SUM is one of the SQL functions that comprise the group called aggregate functions. Many of the functions we commonly use in SQL operate on only single rows. Aggregate (or group functions as they are also known), operate on multiple rows and enable data values to be manipulated and displayed differently then how they are stored in the database. For example, if a programmer uses functions that provide arithmetic operations such as SUM, COUNT, and AVG and then applies them to multiple rows of data, the result will be a value that is calculated but not actually stored in the database.

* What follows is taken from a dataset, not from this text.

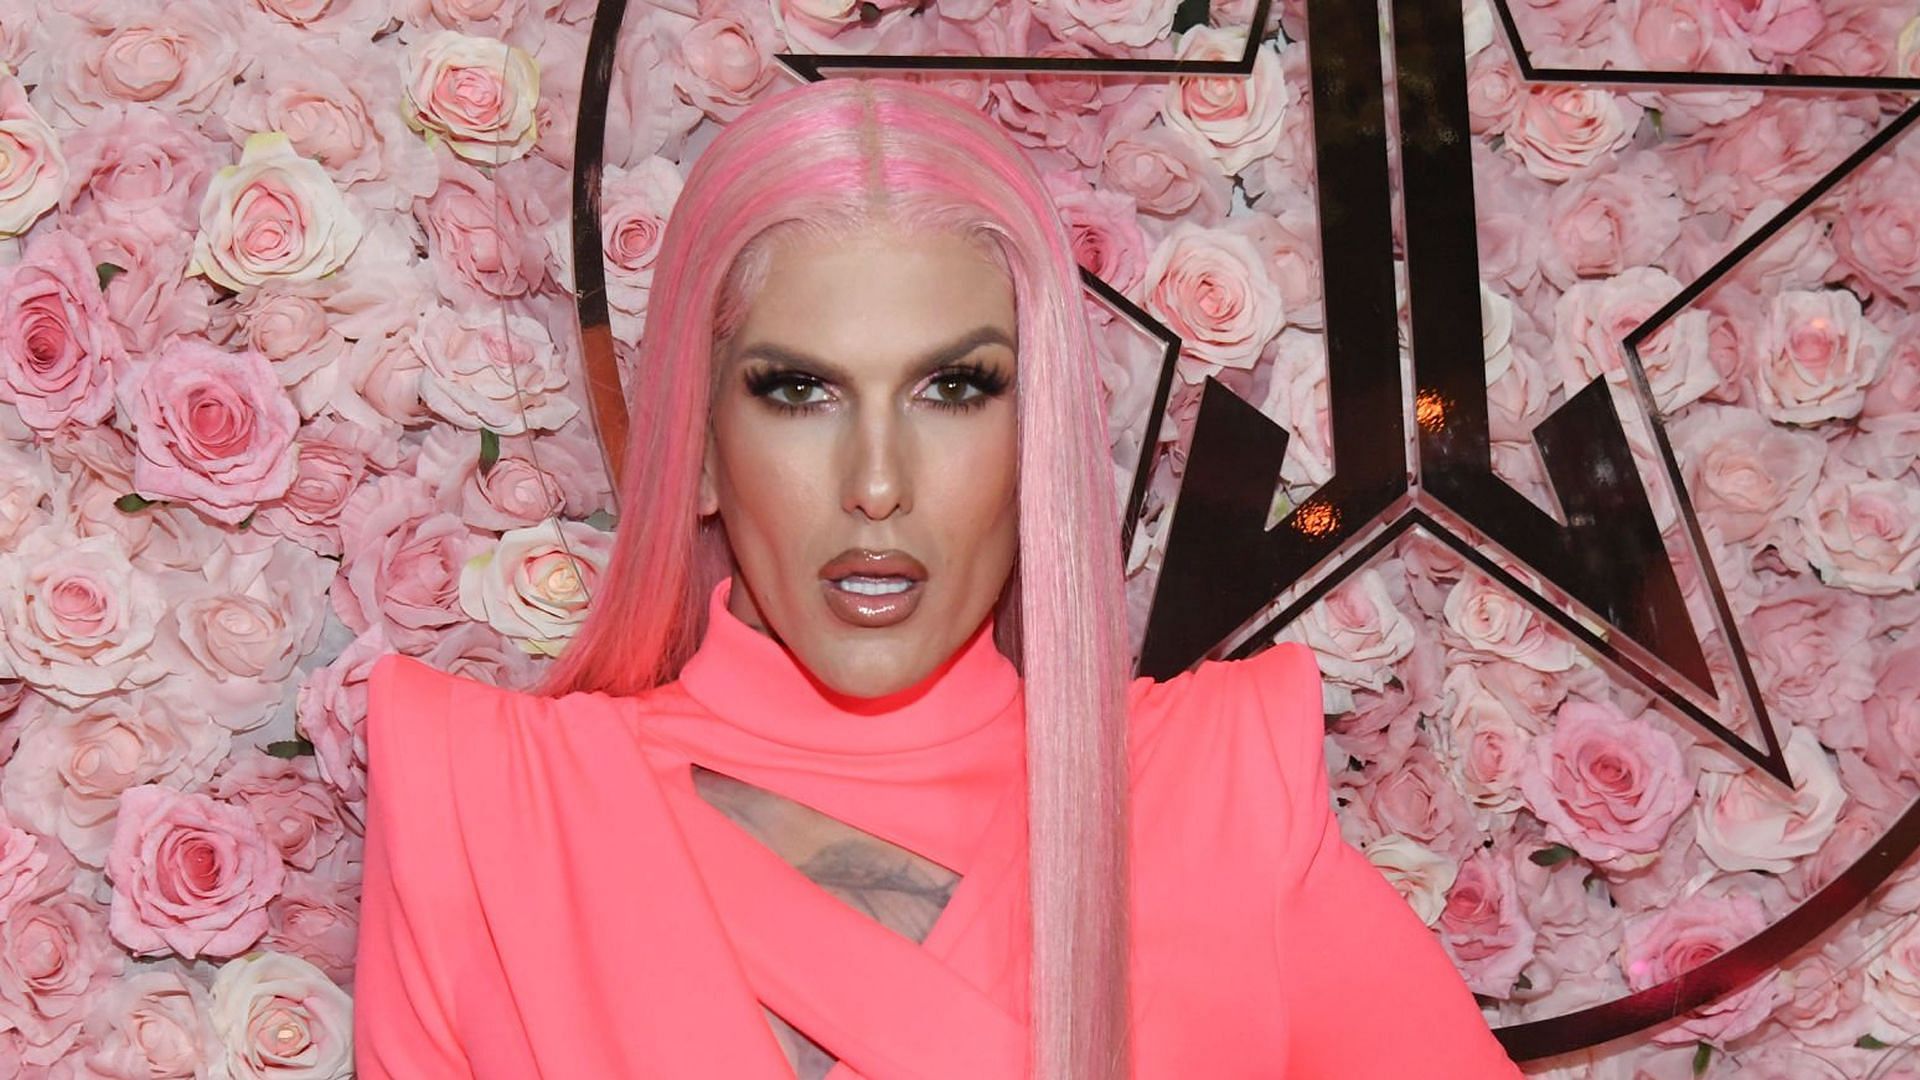 Jeffree Star faces heat online after conservative comments (Image via Getty Images)

This is an important concept, because it means that data is not just stored in the database and then retrieved. Instead, group functions can apply mathematical operations to groups of rows and batches of data values and derive information previously unknown. The value of this is that programmers can generate further information and knowledge from the existing data just by applying SQL’s built in arithmetic functions.
As aggregate functions work on grouping data from rows or groups of rows, using GROUP BY and a multi-group function such as SUM can provide a summary total or individual group totals. Now that may not sound to earth shattering, but it is the first step in providing business analytics. For instance, a database can provide the business with answers such as what is the total salary overhead or per department and in total?

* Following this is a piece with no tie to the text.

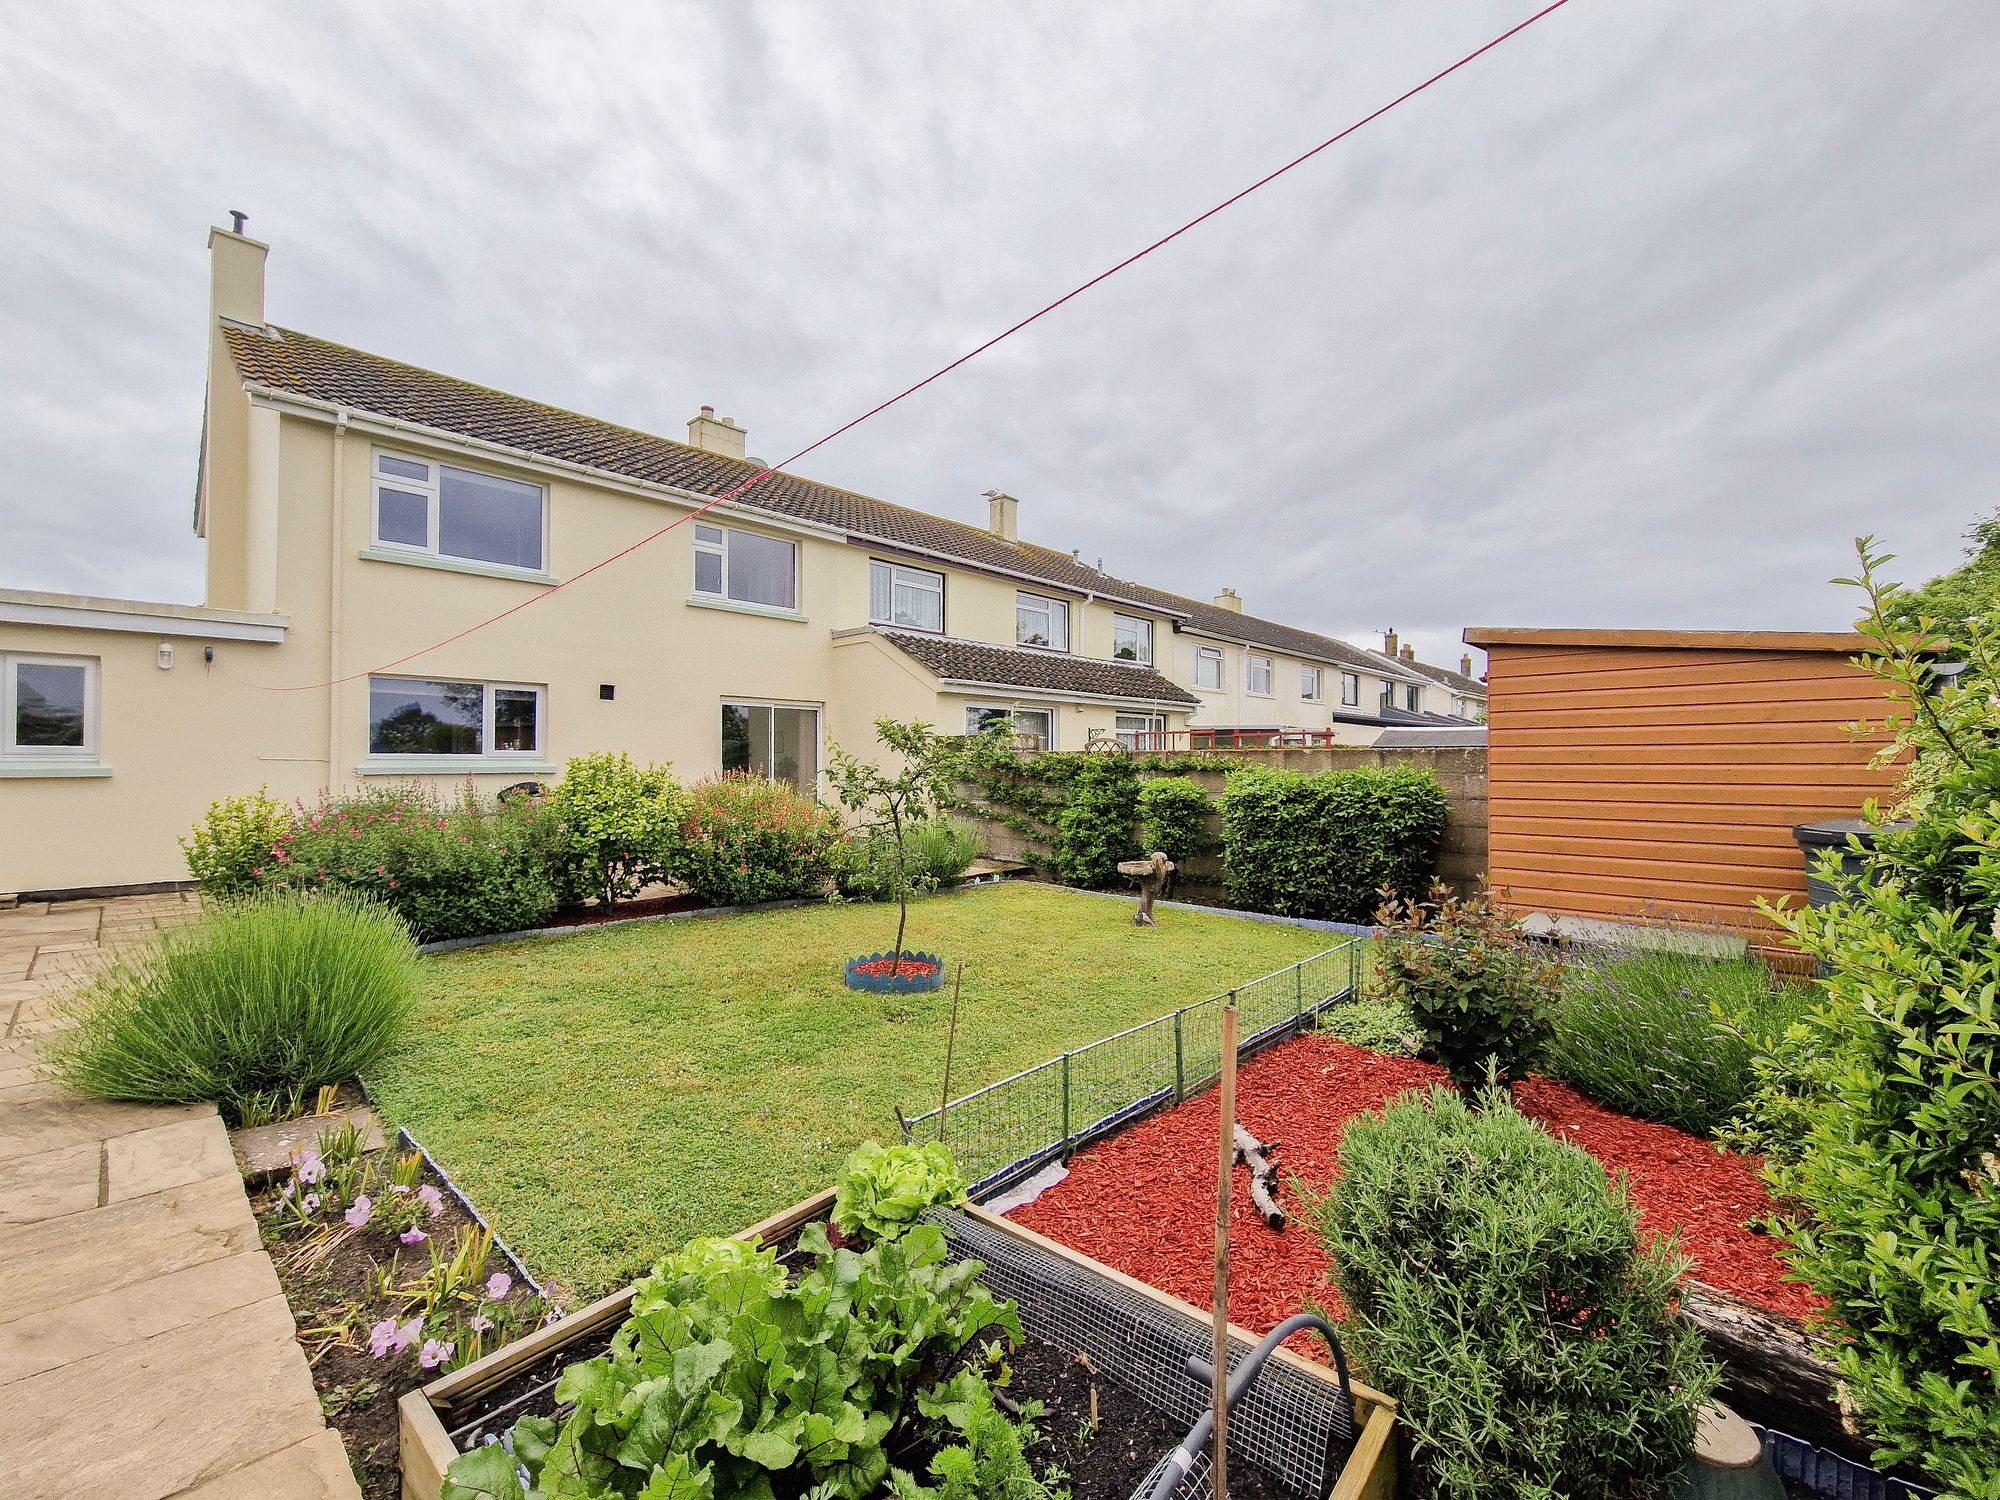 3 bed Property For Sale in St. Peter, Jersey

You can get answers to business questions such as the above by utilizing basic multi-group functions such as SUM and COUNT. Other single group functions provide the min and the max values, the variance, and from that the standard deviation, which will provide the basis for real business intelligence and analysis. A business needs more than static information. It needs analytics, so how can the database provide real-time answers to more intricate questions? What is the running total of sales, what are the sales rankings, what is the deviation in sales per channel from last week, last month, the month before, and this time last year?
These are the questions that businesses need answered and in real-time. To model those types of complex questions, and then implement them into standard SQL queries will be difficult to write. Thankfully, there are already SQL extensions that perform these specialist analytic functions.

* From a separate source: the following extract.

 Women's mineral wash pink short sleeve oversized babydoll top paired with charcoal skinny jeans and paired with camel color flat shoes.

SUM as an Analytic Function
The SUM function has analytic extensions to its standard syntax;
Syntax: SUM (expression, or column)
OVER (PARTITION, ORDER BY, WINDOW )
As can be seen from the syntax in the example, the extension OVER is added to the SUM calculation. This is added to indicate that, in this case, SUM is working as an analytic function, and the ORDER BY indicates the data range (window or rows) which this analytical sum function will be performed over.
For example, in the code below SUM will be used as an analytic extension over the data in the pre_order column and ordered by customer_name
select customer_name, pre_order,
OVER (ORDER BY customer_name) running_total
order by customer_name;
The SQL query above uses the SUM analytic function to perform a cumulative count of pre_order values row-by-row for each customer.
The results show a list of all customer pre-orders and the cumulative running orders for all customers.
However, if the business requirement is to see all pre-orders per customer and cumulative pre-order value per department, then the group by or partition clause is required to segregate each group and restrict the SUM analytic function to each group of data (department).
|select company_name, department_id, pre_orders,SUM (pre_orders)OVER (PARTITION BY department_id ORDER BY pre_orders) department_totalfrom Sales_Orders|
order by department_id, pre-orders, company_name;
In this SQL query example, the function name is SUM and it is applied to the column pre-orders, which is the basic syntax. The OVER identifies the function SUM as being called as an analytic function, which will perform over the data from the (PARTITION BY department_id ORDER BY pre_sales).
Setting the Range
An analytic function may or may not have a window clause. A window is basically the range of the group of rows within a partition, which are to be evaluated by the analytic function. In the first example, a window is used by default, as it uses an ORDER BY clause. An ORDER BY clause effectively adds a default windows clause, which states that the current and previous rows in the current partition are the rows that should be used in the calculation. When a PARTITION is not stated, then the entire set of rows will be the default partition.
In example one, there was no PARTITION coded so the whole column was used by the cumulative SUM function. However, in example two, there was a PARTITION, which grouped per department, however there were no windowing parameters set. Window parameters can be set using the ROWS or RANGE PRECEEDING clause.
SQL analytic functions are powerful ways to get answers from the data contained in the database. Analytics is the functionality required for detailed reporting, and the source of information for operational and tactical planning and analysis. If you are on a journey towards becoming a SQL guru or business analyst then learning to utilize the analytical functions is an essential part of that tactical vision.